A public exploit might be coded in python, ruby, c/c++ or any other language. Before executing the exploit:

  • Read the instruction Carefully.
  • Edit Target address, Reverse connection ip and Ports.

Working with Shell

We may get shell, after exploiting some vulnerability. Now what?

Backdoor Files in Kali

Sql Injection Cheat Sheet Pdf

Kali already has some web shell.

Quick Shell in Different language

Here it is: http://pentestmonkey.net/cheat-sheet/shells/reverse-shell-cheat-sheet

Generate with metasploit

Upgrading Shell

Listening for Connection

Sql

Upgrading Shell when received connection!

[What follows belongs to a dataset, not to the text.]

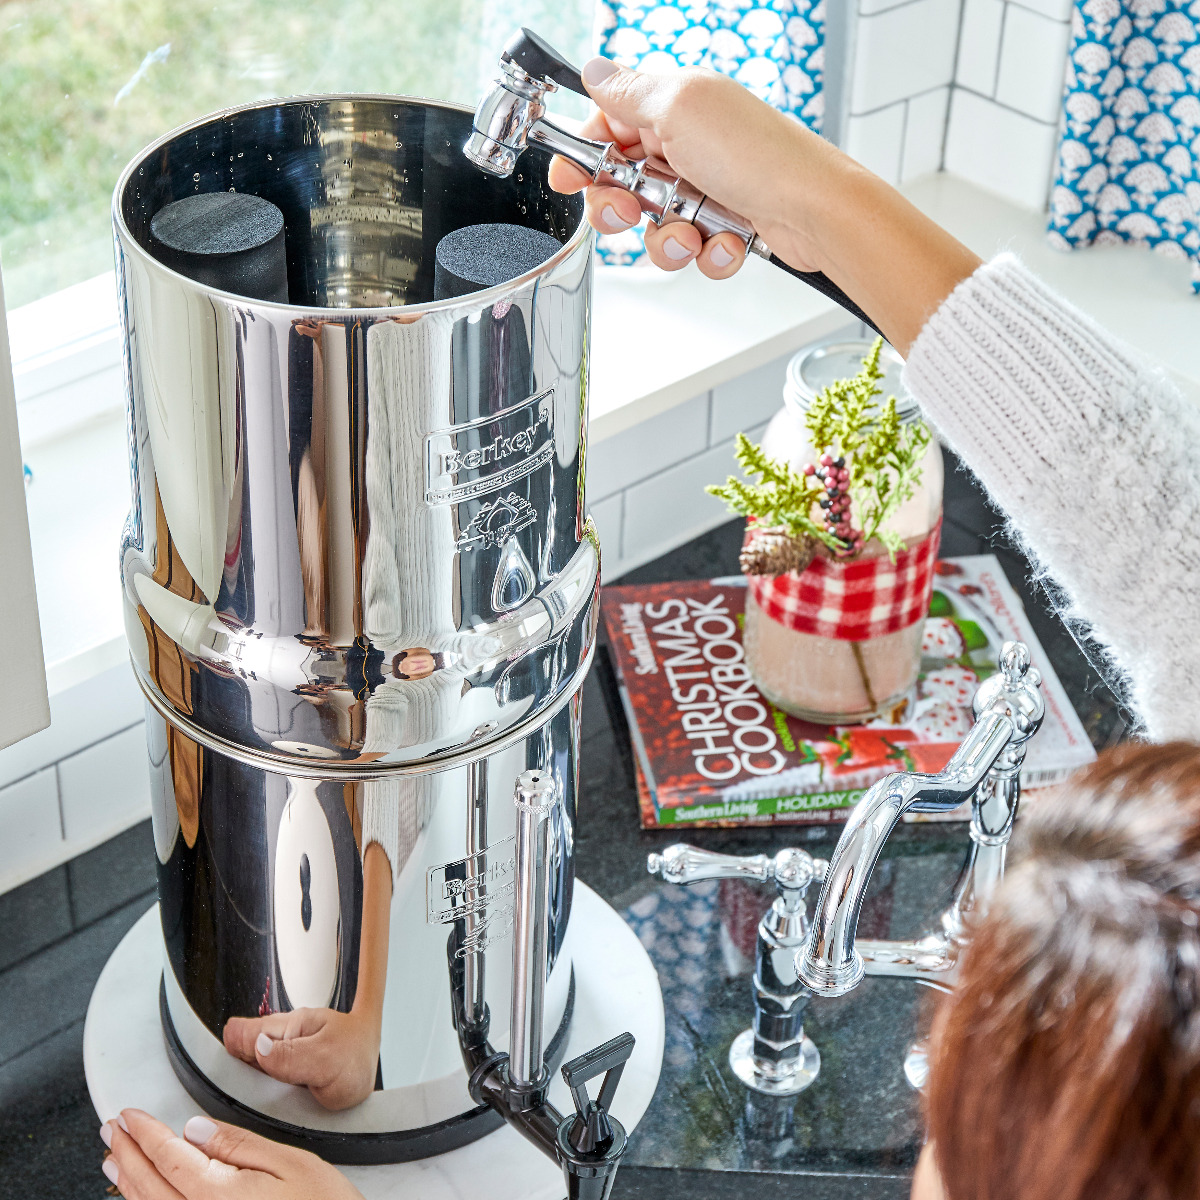 Are there any Drawbacks or Limitations to using a Berkey Water Filter?

Running Python http Server

Uploading Shell/File

After getting shell, we may need to upload additional files or stable backdoor.

Transfering file in Linux

Transfering file in Windows

Transfer file with impacket samba script

Piviot/Tunnel/Port Forwarding

  1. -L = Kali’s Port
  2. -R = Kali Port
  3. $ip:3306 is the port from target

Local Port Forwarding

Have SSH access with low privileges? and There are some ports open internally? Try Local Port Forwarding:

Owasp Sql Injection Cheat Sheet Github

Remote Port Forwarding

No SSH Access but limited shell? Also some weird port is open? Upload plink and Try Remote port forward with plink

Connect to the the tunneled port:

Dynamic Port Forwarding(Socks4)

Sql

Dynamic Port Forwarding from victim machine(Socks Proxy):

With Dynamic Port Forwarding We can access/browse any ip range of the victim machine. We just need to configure proxychains.conf as follows:

Now we can use any application through proxychains… such as:

Port Forwarding with Plink.exe

Remote Port Forwarding using Plink. Needed When we don’t have access to specific port on on target box!

Common Issue

Correct permission for SSH Key?

Load key “id_rsa”: invalid format ?

Try Removing additional space. Also keep the public key in the same directory of private key. We may get the warning, but it should work!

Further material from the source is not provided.